FRIDAY, Oct. 17, 2003 (HealthDayNews) -- The announcement last week that a clinical trial on a breast cancer drug was being halted because the results were so promising leaves women with much hope but also many questions.
The study, which appears in the Nov. 6 issue of the New England Journal of Medicine but whose results were released early, found that women taking letrozole, one of a new class of drugs called aromatase inhibitors, had about half the rate of cancer recurrences as women taking a placebo.
"We've had an enormous number of phone calls coming in and have decided as a group that it really is exciting data, but that it shouldn't result in knee-jerk action," says Dr. Amy Tiersten, an associate professor of medicine at New York University School of Medicine in New York City. "It requires a visit with the doctor to go over the pros and cons."
The women enrolled in the study were all postmenopausal, had had breast cancer but were free of malignancies when they enrolled in the study, and had stopped taking tamoxifen within the past three months.
Tamoxifen has been successful in preventing recurrences in women who have estrogen-receptor-positive breast cancer (when the cancer is fueled by the hormone estrogen). The drug reduces the risk of recurrence by 47 percent and the risk of death by 26 percent for five years after surgery. Unfortunately, tamoxifen stops working after that time and may even reverse its action.
While tamoxifen works by occupying the estrogen receptor and preventing the hormone from binding, letrozole goes further and actually blocks production of the hormone. The women in this study had good results when they started taking letrozole within three months of stopping tamoxifen.
About the only thing experts know right now is that women who match the profile of the study participants should strongly consider taking letrozole. That is, these women have to be postmenopausal, have had receptor-positive cancer (but are currently cancer-free), and have finished tamoxifen within the last three months.
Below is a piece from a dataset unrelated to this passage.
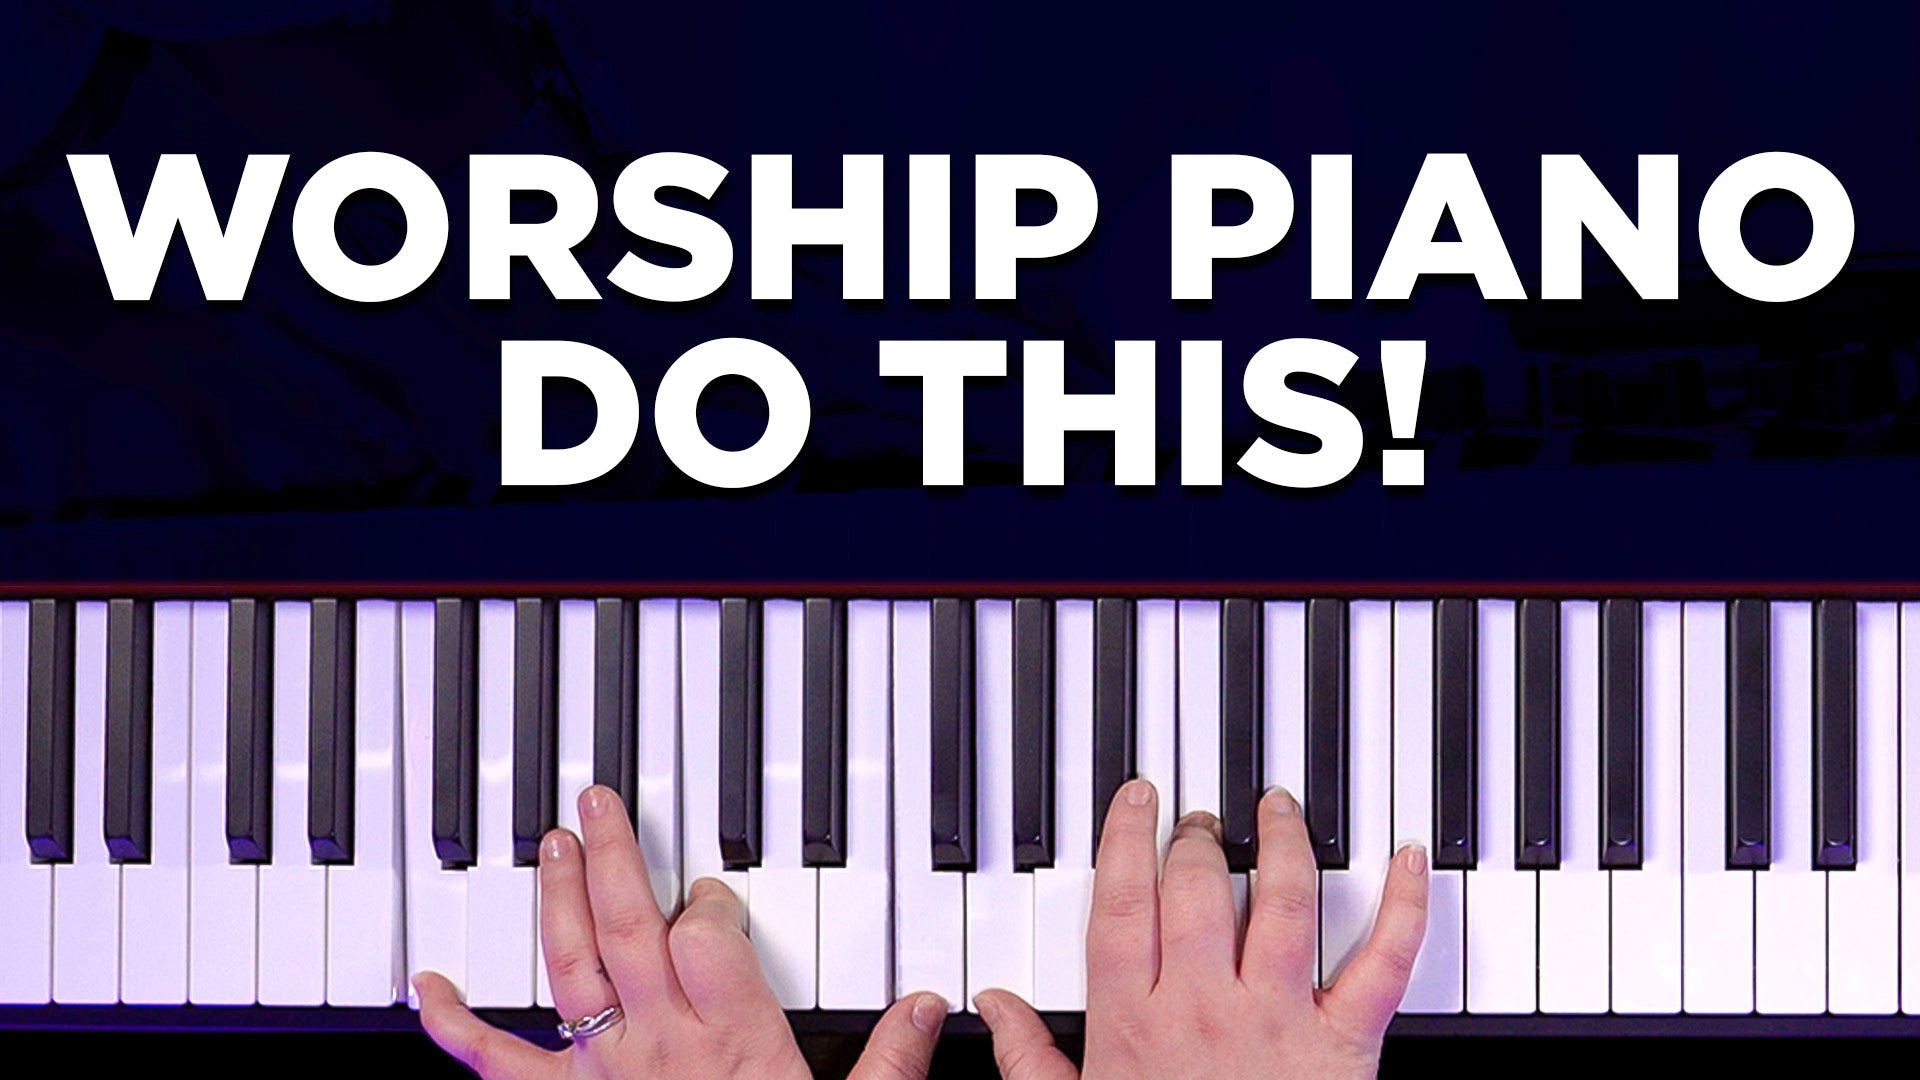 Tips Every Worship Piano Volunteer Should Know

"If you fit the profile it's very, very clear," says Dr. James Doroshow, chairman of the division of medical oncology and therapeutics at City of Hope Cancer Center in Duarte, Calif. "[The study] involved many, many patients and I would think that even if you are within the first six months to a year after tamoxifen, extrapolating those results is probably not an enormous stretch."
The questions begin when doctors consider women who have been off tamoxifen for two, three or more years, although the study authors believe these women could also benefit.
"There isn't any plausible biological reason to think that the drug would not work if there had been a greater gap from tamoxifen for three months," study author Dr. Paul Goff said at an Oct. 9 press conference. "It is my belief that any woman who had receptor-positive tumors could be accepted but . . . trying to individualize that patient's risk will be important. If they are 14 years out with low-risk cancer, that will be a very borderline decision."
There's also an issue of how long a woman should take letrozole. The study was halted after a median follow-up of 2.4 years. "So it really only tells us about women who receive letrozole for two to three years," Tiersten says. "The design of the study was meant to randomize patients to five years, so that's a big question as to how long women should be taking aromatase inhibitors -- and it raises a lot of big questions in terms of what the best adjuvant hormonal therapy is for women."
The issue is complicated not just by timing, but by sequencing as well. In what order should women be taking tamoxifen and letrozole or another aromatase inhibitor, or should they skip tamoxifen altogether? There are currently three aromatase inhibitors available and, Goff said, "at this point for the research that's been done in humans, there isn't an easy way to distinguish between them. They all look as if they act in a similar way." Trials are underway to try to find subtle differences.
One study did find that anastrozole, another aromatase inhibitor, was superior to tamoxifen and to a combination of tamoxifen and anastrozole, Doroshow says. It was, however, just one study and should probably be duplicated before current practice is changed.
Letrozole also has some side effects. Because it eliminates production of estrogen, it can exacerbate menopausal symptoms. It may also have an effect on bone density.
Finally, there is the question of cost. Letrozole, which comes in pill form and costs about $200 a month, is already approved for metastatic breast cancer. Gloria Stone, a spokesman for Novartis, which makes the drug, says the company will be filing for a new indication with European authorities and with the U.S. Food and Drug Administration, probably in the second half of next year. She doesn't foresee any insurance problems in the meantime. "There's probably some variety with insurance but, in general, we don't anticipate significant problems for reimbursement if the doctor thought it was appropriate," Stone says.
But, as Tiersten points out, a good proportion of the women who would qualify for letrozole under the new indication are over 65 and have Medicare, which has limited prescription coverage.
That particular quagmire will have to be worked out at the policy level. For women who can afford the drug, Doroshow says, "the only reasonable strategy is to discuss all the risks and benefits, the limits of the data as they exist, and the fact that it will be a considerable amount of time before one knows more about how to deal with these questions."